Сенчин Р. Золотые долины 16+
Журнальный гид
Сенчин Роман Валерьевич родился в 1971 году в Кызыле. Окончил Литературный институт им. А. М. Горького. Печатался в журналах «Новый мир», «Знамя», «Дружба народов» и др. Лауреат премий «Эврика», «Венец», «Ясная Поляна», «Большая книга» и др. Живет в Екатеринбурге.
Сенчин Р. Золотые долины : Повесть / Р. Сенчин // Новый мир. – 2021. - № 2. – С. 9 – 55.

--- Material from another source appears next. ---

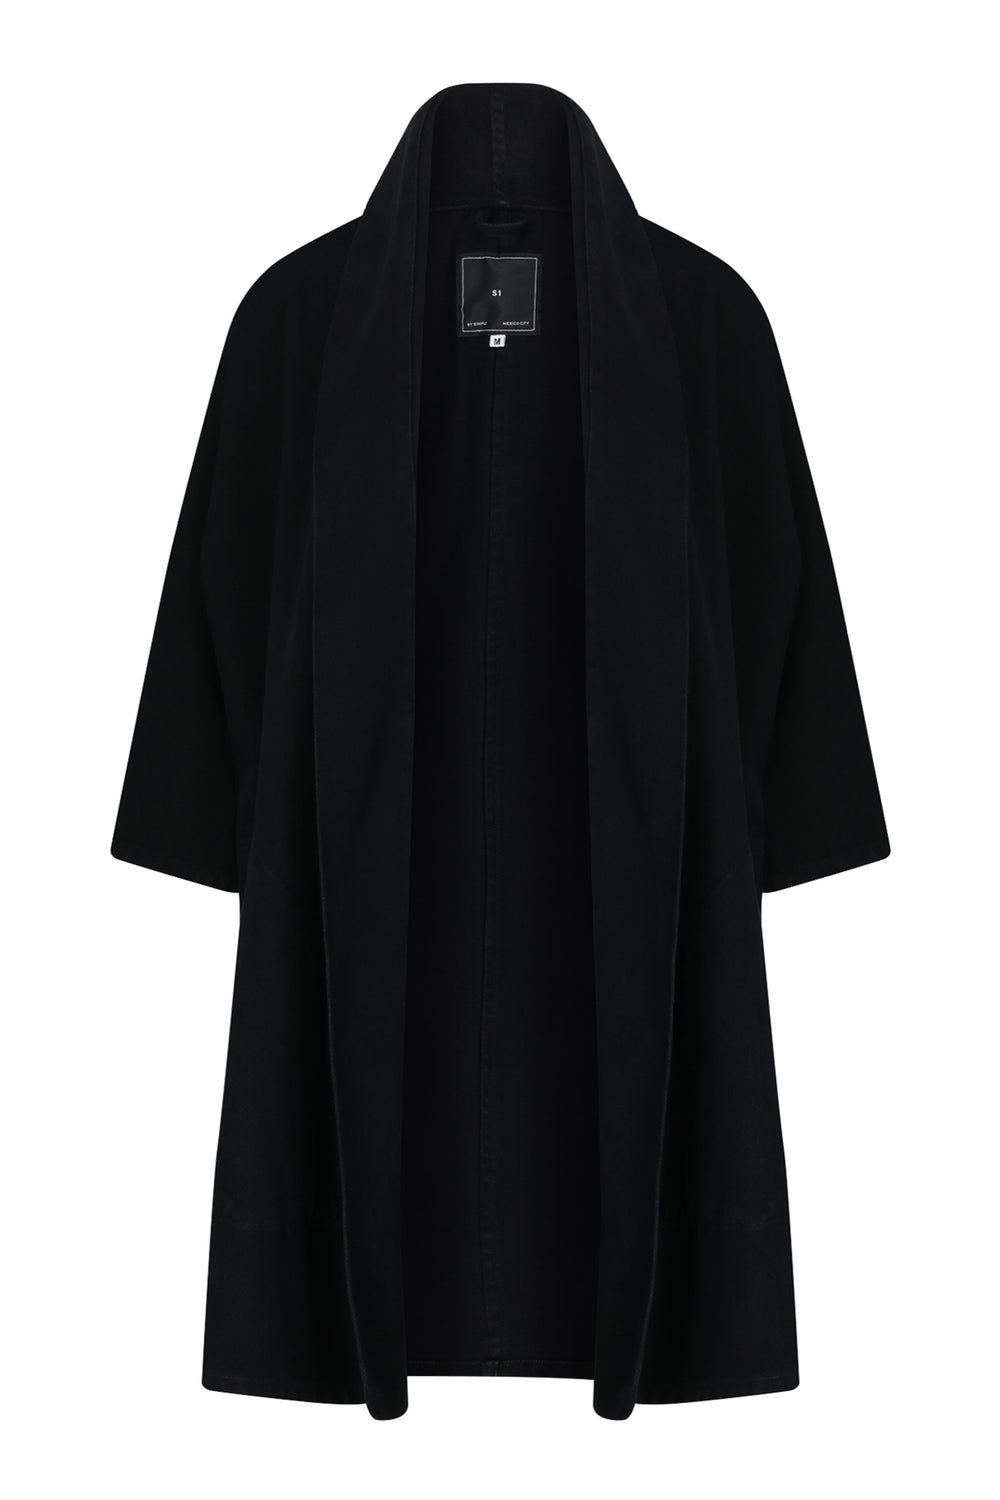 Pollux Black Denim Open Kimono Coat - Simple by Trista
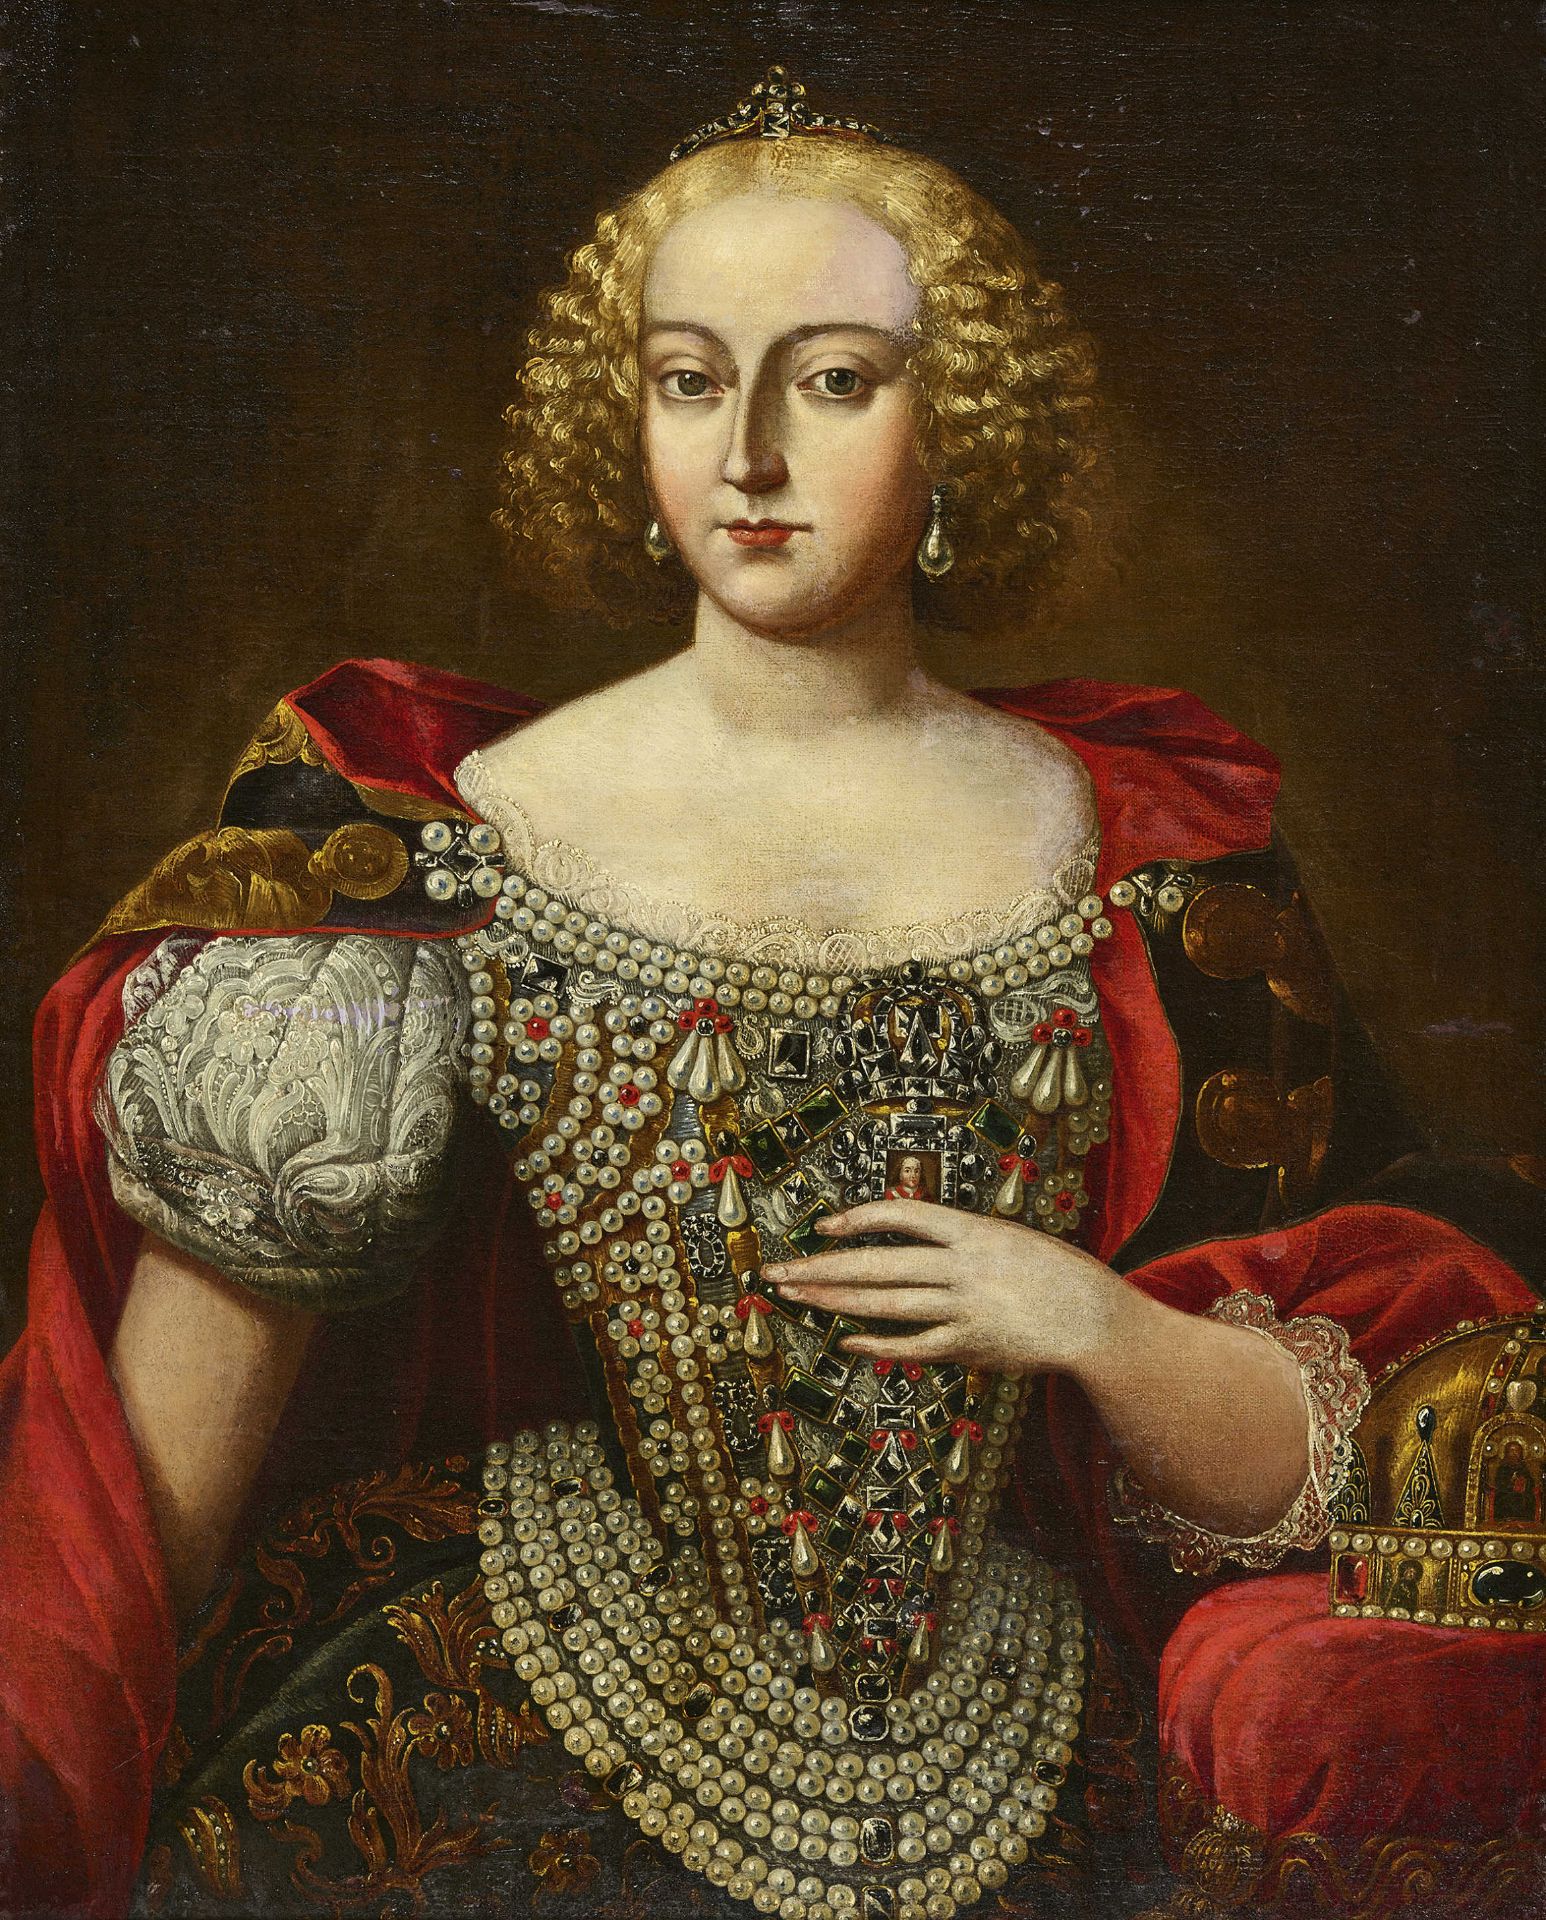 ÖSTERREICH/UNGARN, 18. JH.: Porträt von Maria Theresia im Krönungsornat.

Новая книга известного писателя легко читается, но оставляет тяжелое ощущение. В этом можно обвинить, пожалуй, все его книги. Герои легко узнаются, у всех есть знакомые семьи, живущие от зарплаты до аванса. Позитивные ноты отсутствуют совсем. Герой повести приезжает на каникулы к родителям в умирающий городок. Каникулы нужны для того, чтобы с помощью «даров природы» накопить на дальнейшую учебу. Об этом грустном и бесперспективном накопительстве, собственно, и написана повесть.
Предлагаем вашему вниманию отрывок из повести «Золотые долины»:
Илья Погудин приехал домой двадцать пятого июня. Родители отложили разговор на вечер. Или на завтра. Отпустили погулять с Валей.
Гулянье получалось невеселым.
После объятий и поцелуев, до сих пор неумелых — тычки губами в губы и щеки, — побрели по тротуару с присыпанными щебенкой ямками. Ямок было много, щебенка хрустела под ногами.
Молчали. Валя все заглядывала Илье в глаза, то ли ожидая, когда он заговорит, то ли ища в его глазах разрешения задать важные, необходимые вопросы.
— Опять две четверки, — в конце концов сказал Илья.
Отвернулся — не хотелось видеть, как Валино лицо перекосит боль; она сунет кулак в рот, чтобы не закричать. Так страдали девушки в старых черно-белых фильмах, а теперь вот только Валя… Может, еще по разным укромным углам страны остались такие. Немного…
— Не надо, — продолжая глядеть в сторону, попросил Илья. — Перестань.
— И что теперь? Как вы?..
— Ну, так же, как прошлое лето. Или… Решать будем, в общем.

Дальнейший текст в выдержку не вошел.